To install the latest development version of the package from GitHub use:

## download and install necessary components
if(!require('devtools')) install.packages('devtools')
require('devtools')

if(!require('here')) install.packages('here')
require('here')

devtools::install_github('jivelez/ueda', force = TRUE)
require(ueda)

Examples

Example 1

First we generate a numeric vector x as follows:

# random seed for reproducibility
set.seed(13)

# generate data and introduce 5 outliers
x <- c(rnorm(25, 300, 10), rnorm(5, 400, 5))

# shuffle the data
x <- sample(x)
x

To get the full output after applying Ueda’s method on this data, we use the find_ueda_outliers() function. In this particular case, we use smax = 5 to detect up to 5 outliers in the numeric vector x:

# run full Ueda's method and detect up to 5 outliers
out <- find_ueda_outliers(x, smax = 5)
out

Note that out is a list of four elements: Ut, label, x and x_new. For more information type ?find_ueda_outliers in the R console.

Example 2

In this example, we use the numeric vector x as input and automatically detect up to smax = 5 outliers and remove them with the ueda_remove() function:

# remove up to 5 outliers from vector `x`
x_new <- ueda_remove(x, smax = 5)
x_new

Note that the x_new object is similar to x but has no outliers. For more information type ?ueda_remove in the R console.

Example 3

Suppose we have the following data.frame():

## create some data
set.seed(721)
y <- sample(0:1, length(x), replace = TRUE)
d <- data.frame(x = x, y = y)
d

Sometimes we would like to get the indexes of the outliers in the vector x. These indexes can be further used in combination with the subset() function to reduce the number of registers in a d.

One way of accomplishing this is using the udea_index() function as follows:

# get indexes and positions of up to 5 outliers
result <- ueda_index(x, smax = 5)
result

The object result is a list() of two components: indexes and positions. For more information type ?ueda_index in the R console.

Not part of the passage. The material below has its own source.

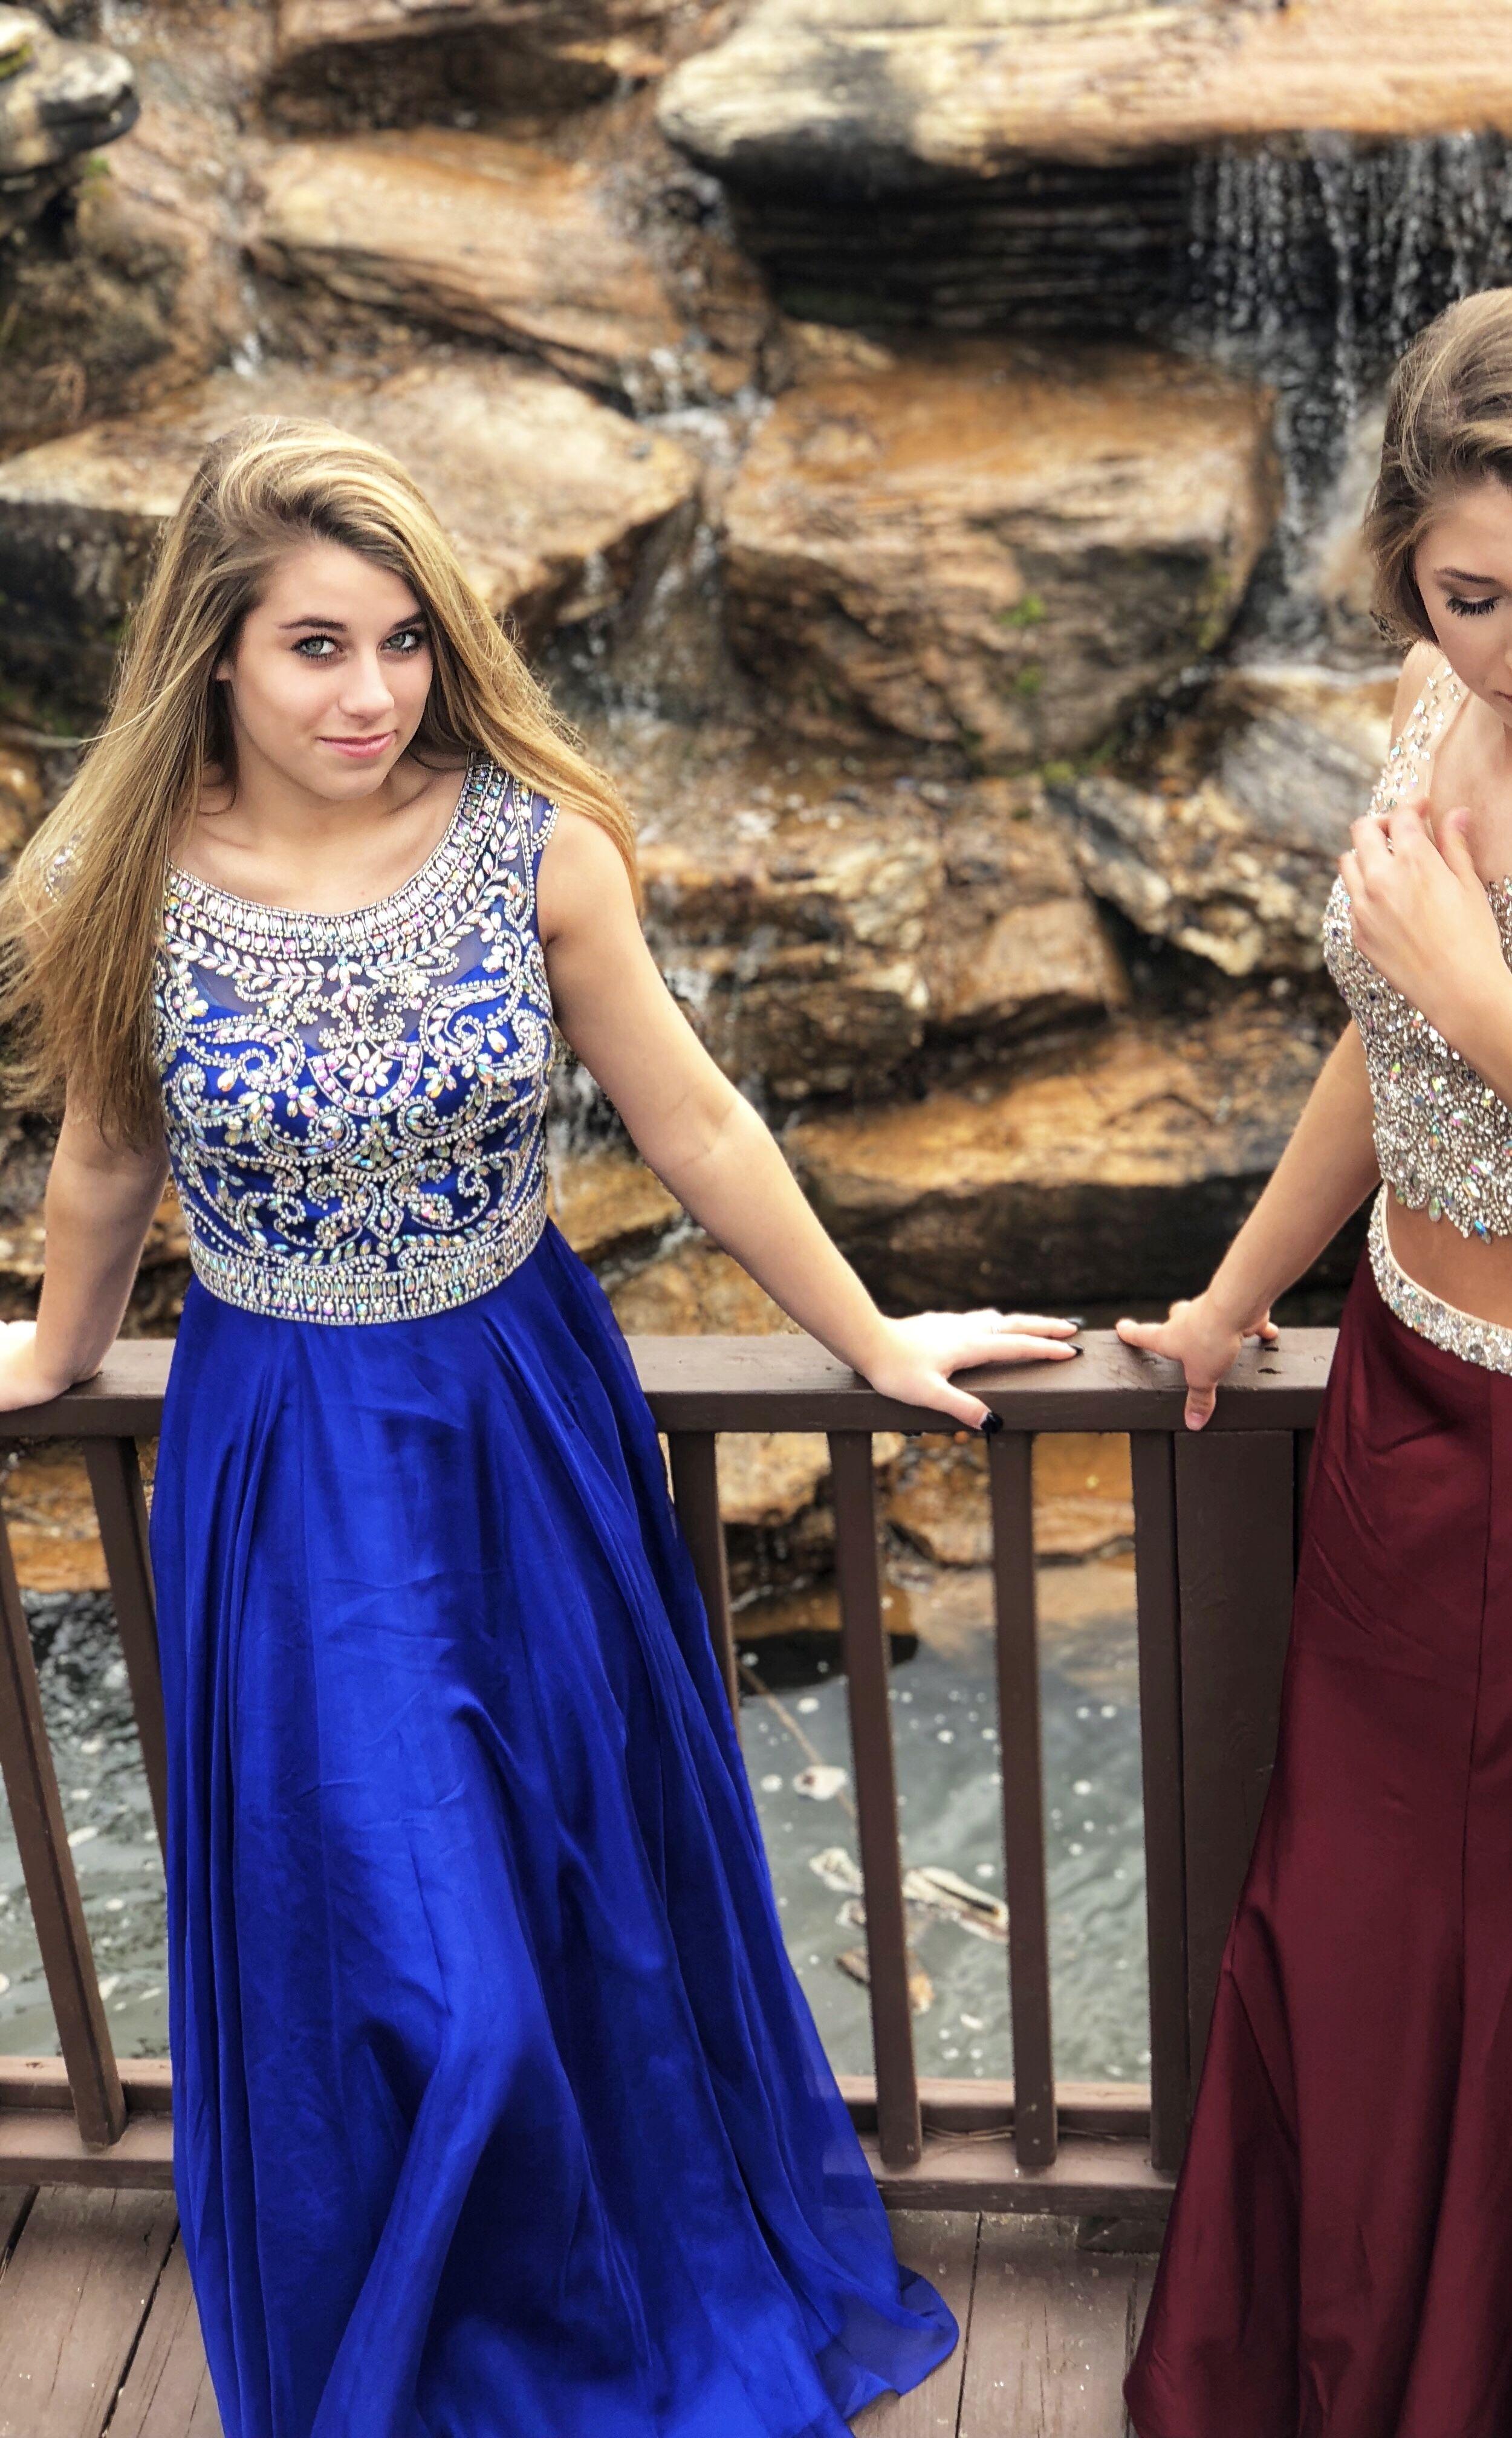 Blue Prom Dress #amiesbridal #georgia #prom #prom2018 #northgeorgia ...

To get the indexes from the object result we proceed as follows:

## indexes of outliers
idx <- result$indexes
idx

The object idx can be used to subset() the object d. To get the complete data set for the outlier observations, we do

## data for outlier observations
subset(d, idx)

The data for those observations that are not considered outliers can be retrieved by doing

## data for no outlier observations
subset(d, !idx)